Gasgoo Take: CATL’s 2025 results show high profitability and market share, driven by a dual engine of power batteries and energy storage, further cementing its status as the global leader.

JCET Automotive Electronics’ Lingang factory officially enters production

According to the Shanghai International Group’s official account on March 10, JCET Automotive Electronics (Shanghai) Co., Ltd.—partially invested by the group—held a grand production launch ceremony in the Lingang Special Area. The event marks the official operation of China’s first professional chip packaging and testing facility dedicated to automotive electronics and robotics applications.

长电科技汽车电子临港工厂正式投产

Image Source: Shanghai International Group Official Account

The JCET Automotive Electronics project was established in the Lingang Special Area as a specialized automotive chip packaging and testing company, led by Jiangsu Changjiang Electronics Technology Co., Ltd. (JCET).

Previously, on December 31, 2025, JCET announced that its automotive-grade chip packaging and testing factory, JCET Automotive Electronics (Shanghai), had achieved equipment "power-on" as scheduled.
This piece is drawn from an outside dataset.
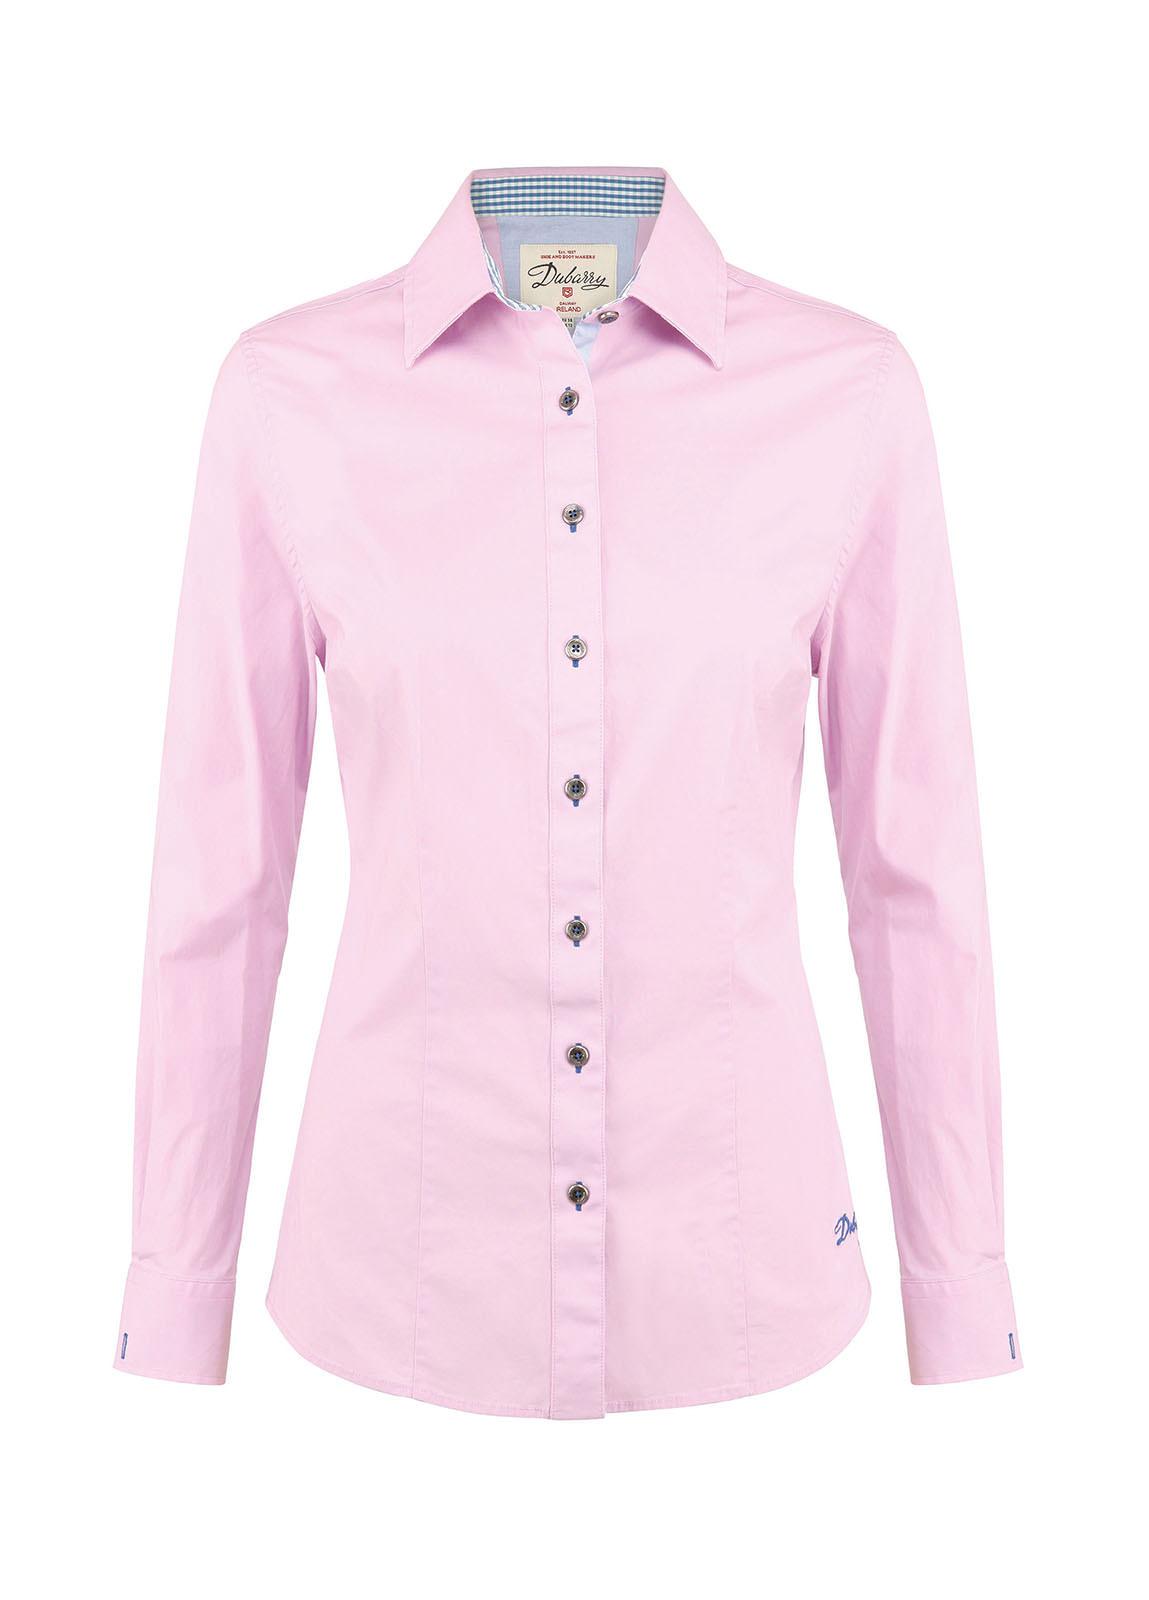 Dubarry_ Carnation Womens Shirt - Pink_Image_2
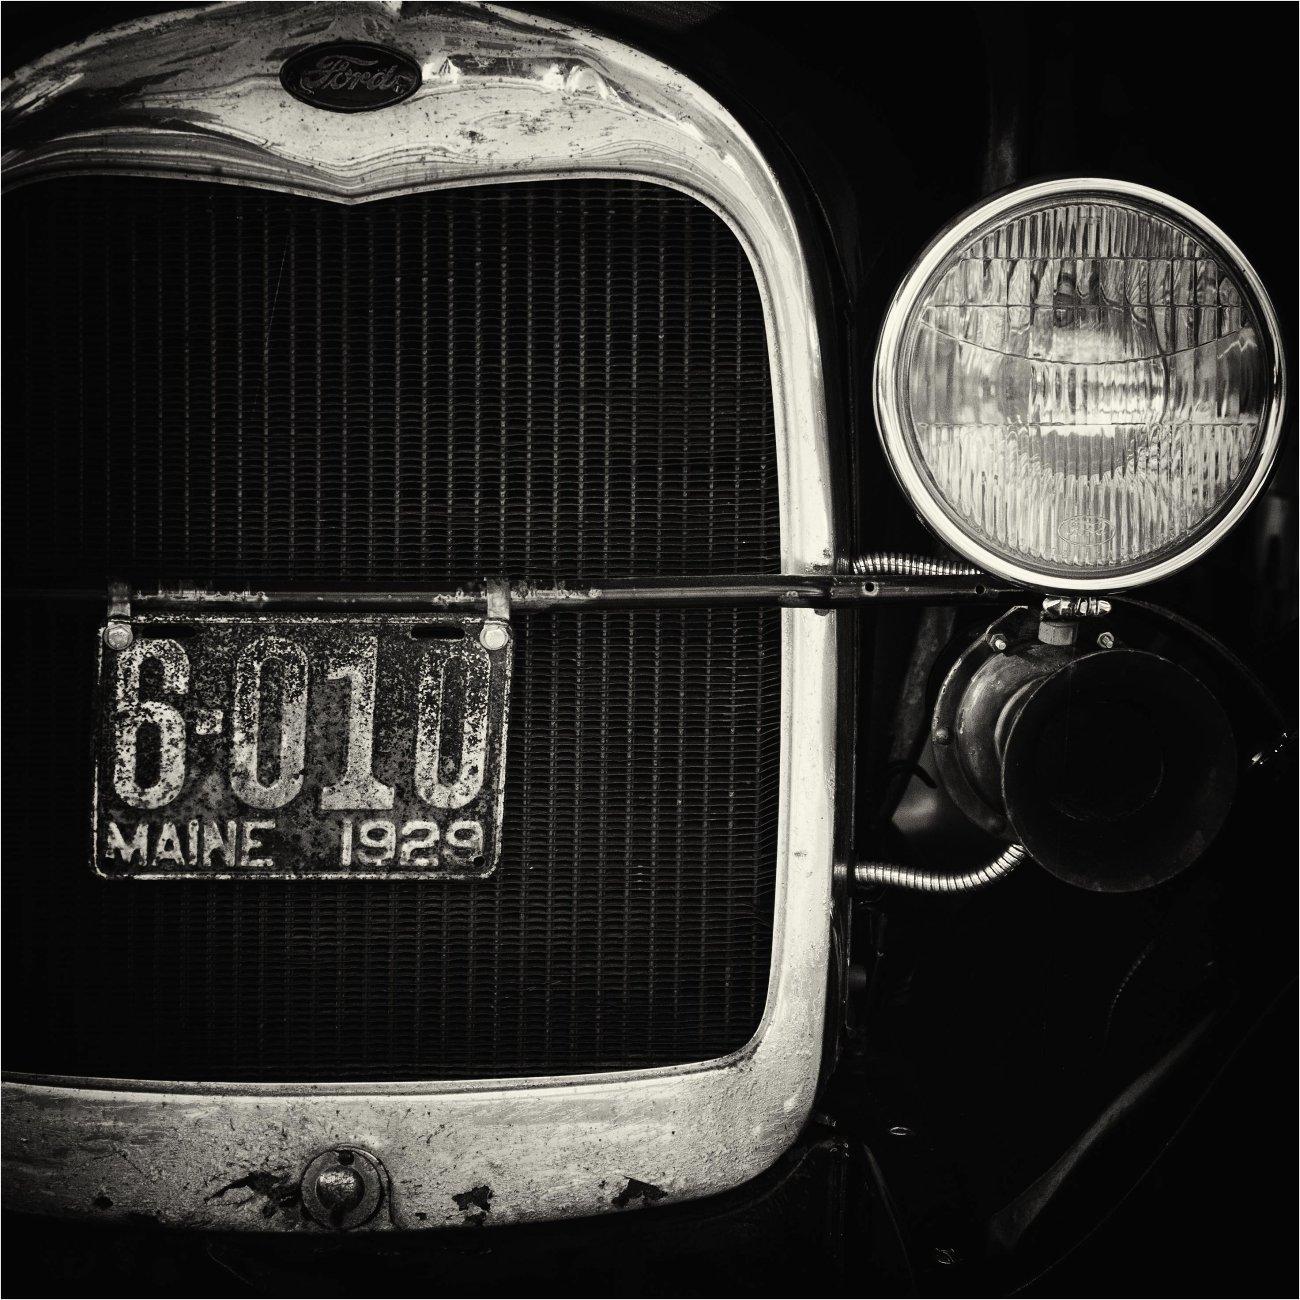 Maine 1929

Positioned as an intelligent factory focused on automotive-grade chip packaging and testing, the facility is located in the Lingang Special Area and covers an area of 210 mu. The first phase includes 50,000 square meters of clean room space.

According to JCET, the project broke ground in August 2023. Following two years of intense construction and system commissioning—including the completion of the main structure, equipment installation, and successful process certification—the facility has now entered operation. Catering to the manufacturing needs of finished automotive-grade chips, the plant offers one-stop packaging and testing services, supporting customers through the entire process from product introduction and certification to mass production ramp-up.

Notably, the factory is equipped with industry-leading automated production lines, achieving full coverage of smart manufacturing and lean management. It has developed a globally leading integrated process for key automotive-grade chip packaging and testing steps. The facility also incorporates AI-assisted defect detection and a big data traceability system, creating a closed-loop quality and operations management framework that is traceable, analyzable, and optimizable.

Gasgoo Take: The launch of JCET Automotive Electronics’ Lingang factory fills a critical gap in automotive-grade chip packaging and testing capacity, aiding the move toward a self-reliant and upgraded automotive semiconductor supply chain.